[Aim of the task]:
The response should be an exact copy of every record.

[Excerpted data — start]

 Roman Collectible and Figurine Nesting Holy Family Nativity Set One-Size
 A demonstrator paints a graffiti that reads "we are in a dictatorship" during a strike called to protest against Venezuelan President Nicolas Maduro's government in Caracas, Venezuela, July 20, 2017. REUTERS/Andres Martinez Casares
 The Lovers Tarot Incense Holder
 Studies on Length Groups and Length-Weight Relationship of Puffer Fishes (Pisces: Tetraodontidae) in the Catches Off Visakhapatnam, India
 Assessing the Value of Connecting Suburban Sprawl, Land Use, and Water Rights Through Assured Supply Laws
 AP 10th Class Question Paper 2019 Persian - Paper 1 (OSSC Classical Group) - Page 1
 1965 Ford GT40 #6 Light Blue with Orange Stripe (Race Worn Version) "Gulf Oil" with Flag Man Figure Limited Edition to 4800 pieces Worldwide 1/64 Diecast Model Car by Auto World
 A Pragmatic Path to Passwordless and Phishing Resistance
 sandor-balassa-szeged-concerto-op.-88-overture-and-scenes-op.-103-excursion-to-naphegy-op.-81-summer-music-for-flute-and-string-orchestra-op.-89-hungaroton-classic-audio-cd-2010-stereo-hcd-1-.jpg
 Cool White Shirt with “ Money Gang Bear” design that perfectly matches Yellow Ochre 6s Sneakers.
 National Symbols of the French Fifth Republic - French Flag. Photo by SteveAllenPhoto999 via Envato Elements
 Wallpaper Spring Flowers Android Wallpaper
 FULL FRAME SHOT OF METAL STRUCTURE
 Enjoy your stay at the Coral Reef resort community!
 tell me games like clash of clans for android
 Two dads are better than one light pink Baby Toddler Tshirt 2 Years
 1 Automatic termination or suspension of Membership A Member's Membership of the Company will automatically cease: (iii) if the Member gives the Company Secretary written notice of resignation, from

[Excerpted data — finish]

[Exercise response]:
 Roman Collectible and Figurine Nesting Holy Family Nativity Set One-Size
 A demonstrator paints a graffiti that reads "we are in a dictatorship" during a strike called to protest against Venezuelan President Nicolas Maduro's government in Caracas, Venezuela, July 20, 2017. REUTERS/Andres Martinez Casares
 The Lovers Tarot Incense Holder
 Studies on Length Groups and Length-Weight Relationship of Puffer Fishes (Pisces: Tetraodontidae) in the Catches Off Visakhapatnam, India
 Assessing the Value of Connecting Suburban Sprawl, Land Use, and Water Rights Through Assured Supply Laws
 AP 10th Class Question Paper 2019 Persian - Paper 1 (OSSC Classical Group) - Page 1
 1965 Ford GT40 #6 Light Blue with Orange Stripe (Race Worn Version) "Gulf Oil" with Flag Man Figure Limited Edition to 4800 pieces Worldwide 1/64 Diecast Model Car by Auto World
 A Pragmatic Path to Passwordless and Phishing Resistance
 sandor-balassa-szeged-concerto-op.-88-overture-and-scenes-op.-103-excursion-to-naphegy-op.-81-summer-music-for-flute-and-string-orchestra-op.-89-hungaroton-classic-audio-cd-2010-stereo-hcd-1-.jpg
 Cool White Shirt with “ Money Gang Bear” design that perfectly matches Yellow Ochre 6s Sneakers.
 National Symbols of the French Fifth Republic - French Flag. Photo by SteveAllenPhoto999 via Envato Elements
 Wallpaper Spring Flowers Android Wallpaper
 FULL FRAME SHOT OF METAL STRUCTURE
 Enjoy your stay at the Coral Reef resort community!
 tell me games like clash of clans for android
 Two dads are better than one light pink Baby Toddler Tshirt 2 Years
 1 Automatic termination or suspension of Membership A Member's Membership of the Company will automatically cease: (iii) if the Member gives the Company Secretary written notice of resignation, from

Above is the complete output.